▶ _Goal of the exercise_:
Pictures in the data should be dropped; transcribe exactly the lines from the one that has "RMNH.ACA.P.20226 | Gundimyobia ctenodactylus" through the one that has "бизнес будет идти".

▶ _Material provided_:
┄┄┄┄┄┄┄┄┄┄
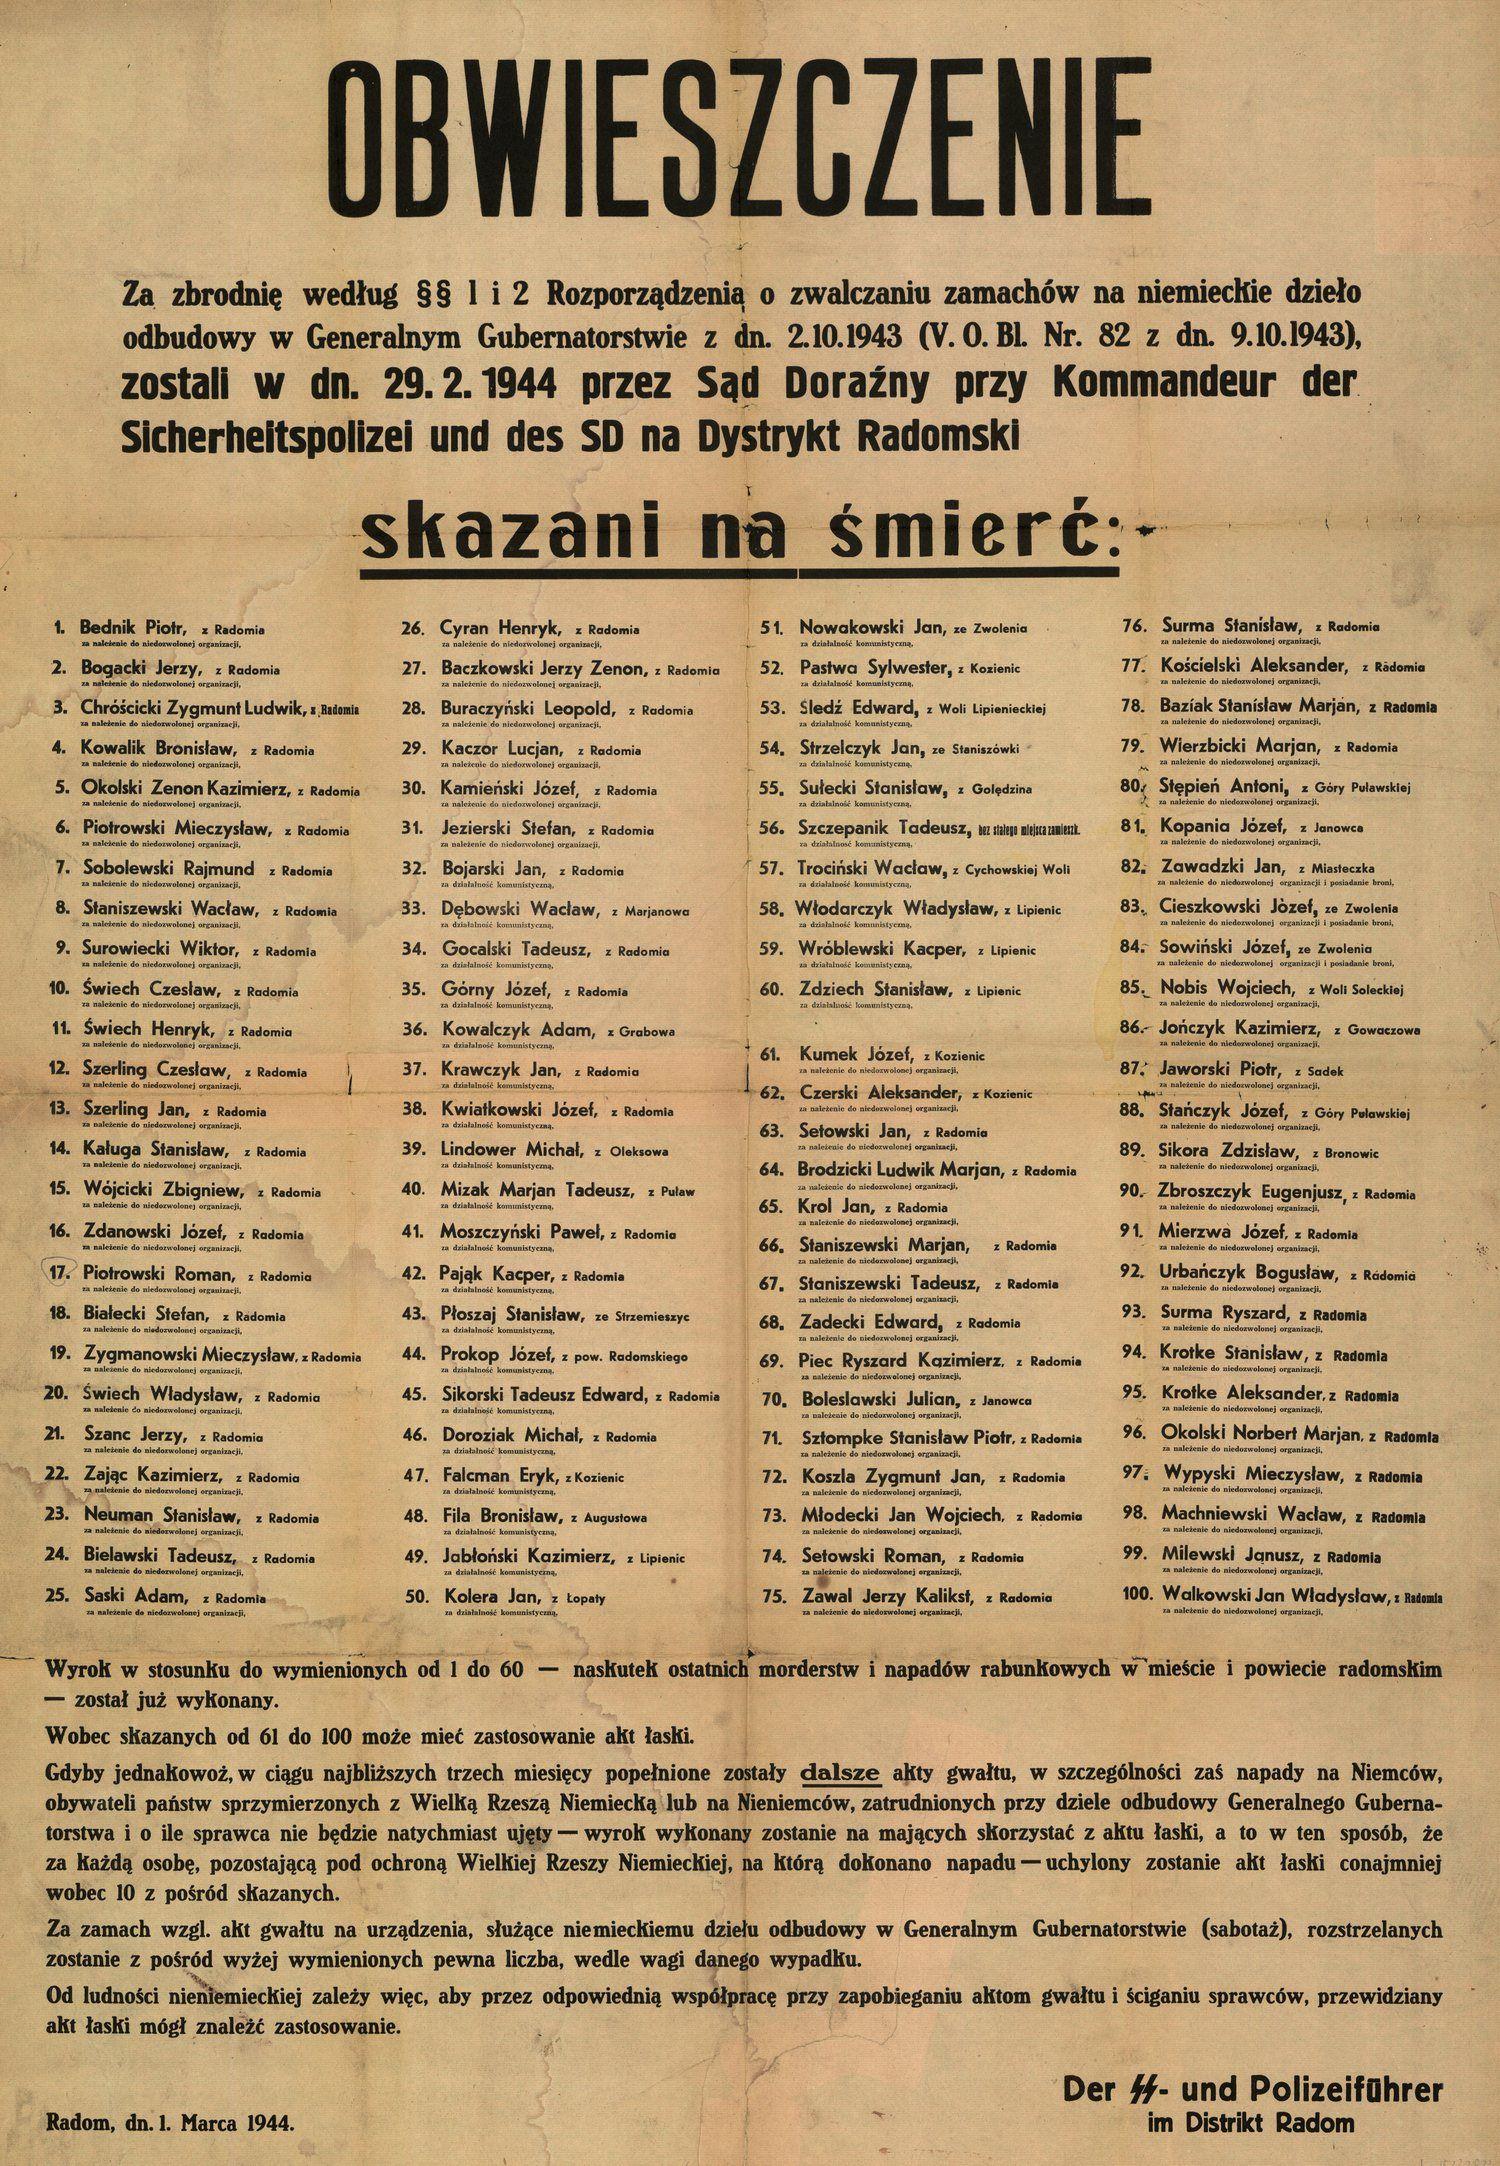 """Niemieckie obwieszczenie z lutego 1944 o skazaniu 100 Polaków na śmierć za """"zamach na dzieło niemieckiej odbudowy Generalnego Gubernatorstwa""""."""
┄┄┄┄┄┄┄┄┄┄
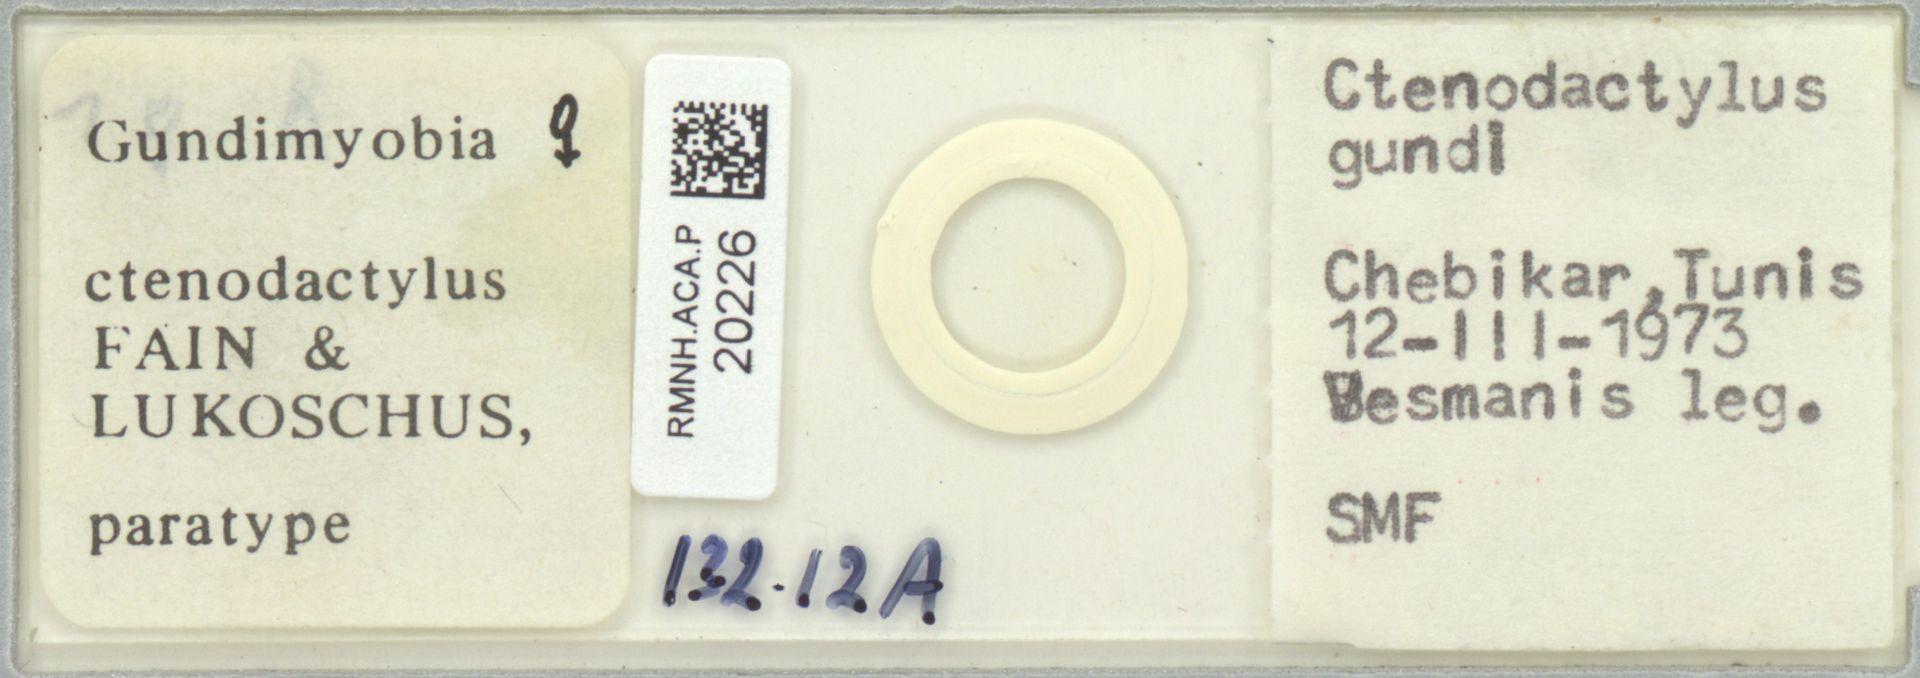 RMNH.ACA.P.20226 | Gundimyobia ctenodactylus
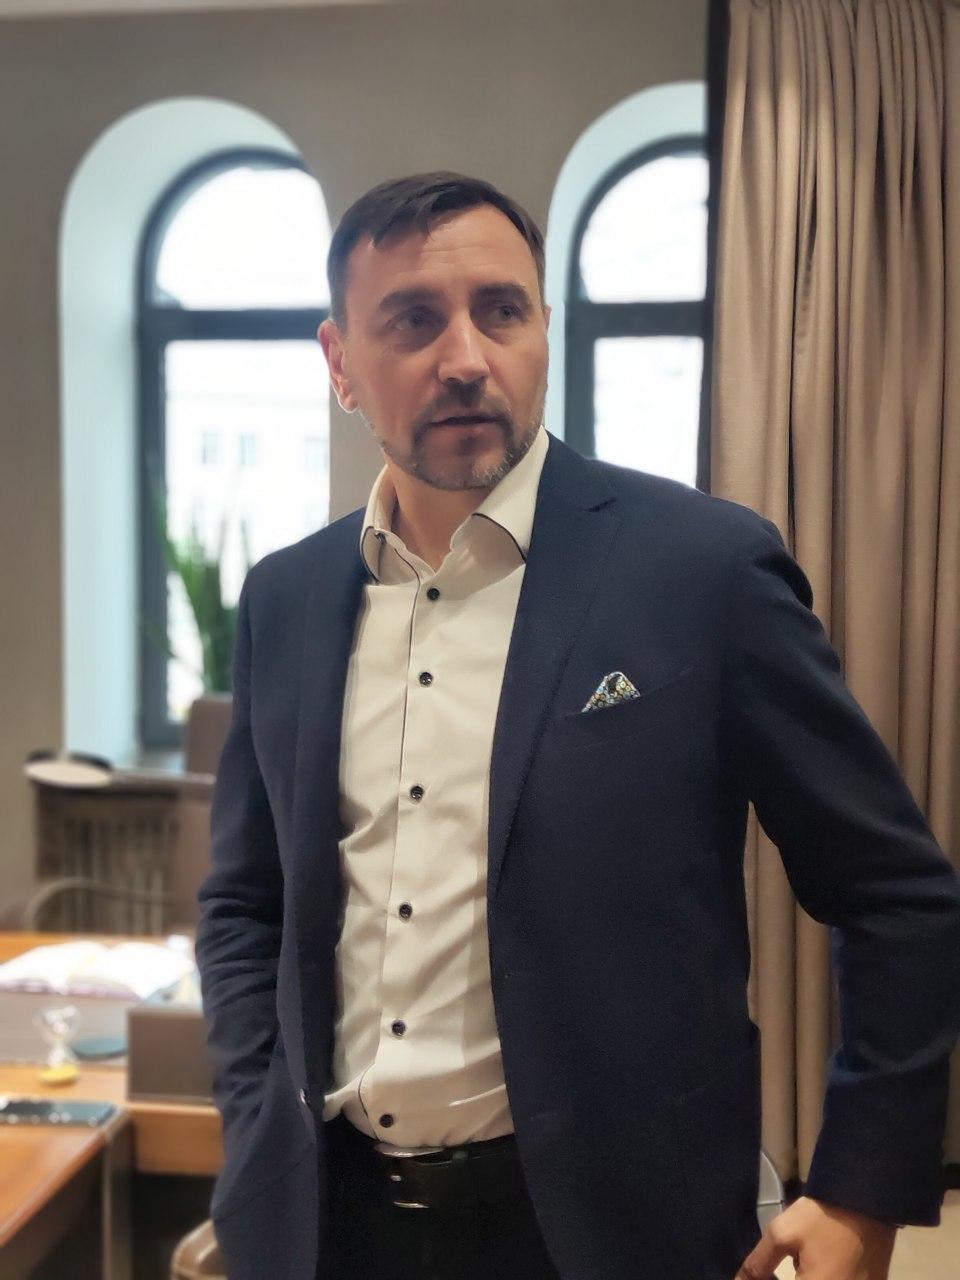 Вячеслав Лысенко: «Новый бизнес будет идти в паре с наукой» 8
┄┄┄┄┄┄┄┄┄┄
▶ _Answer to the exercise_:
 RMNH.ACA.P.20226 | Gundimyobia ctenodactylus
 Вячеслав Лысенко: «Новый бизнес будет идти в паре с наукой» 8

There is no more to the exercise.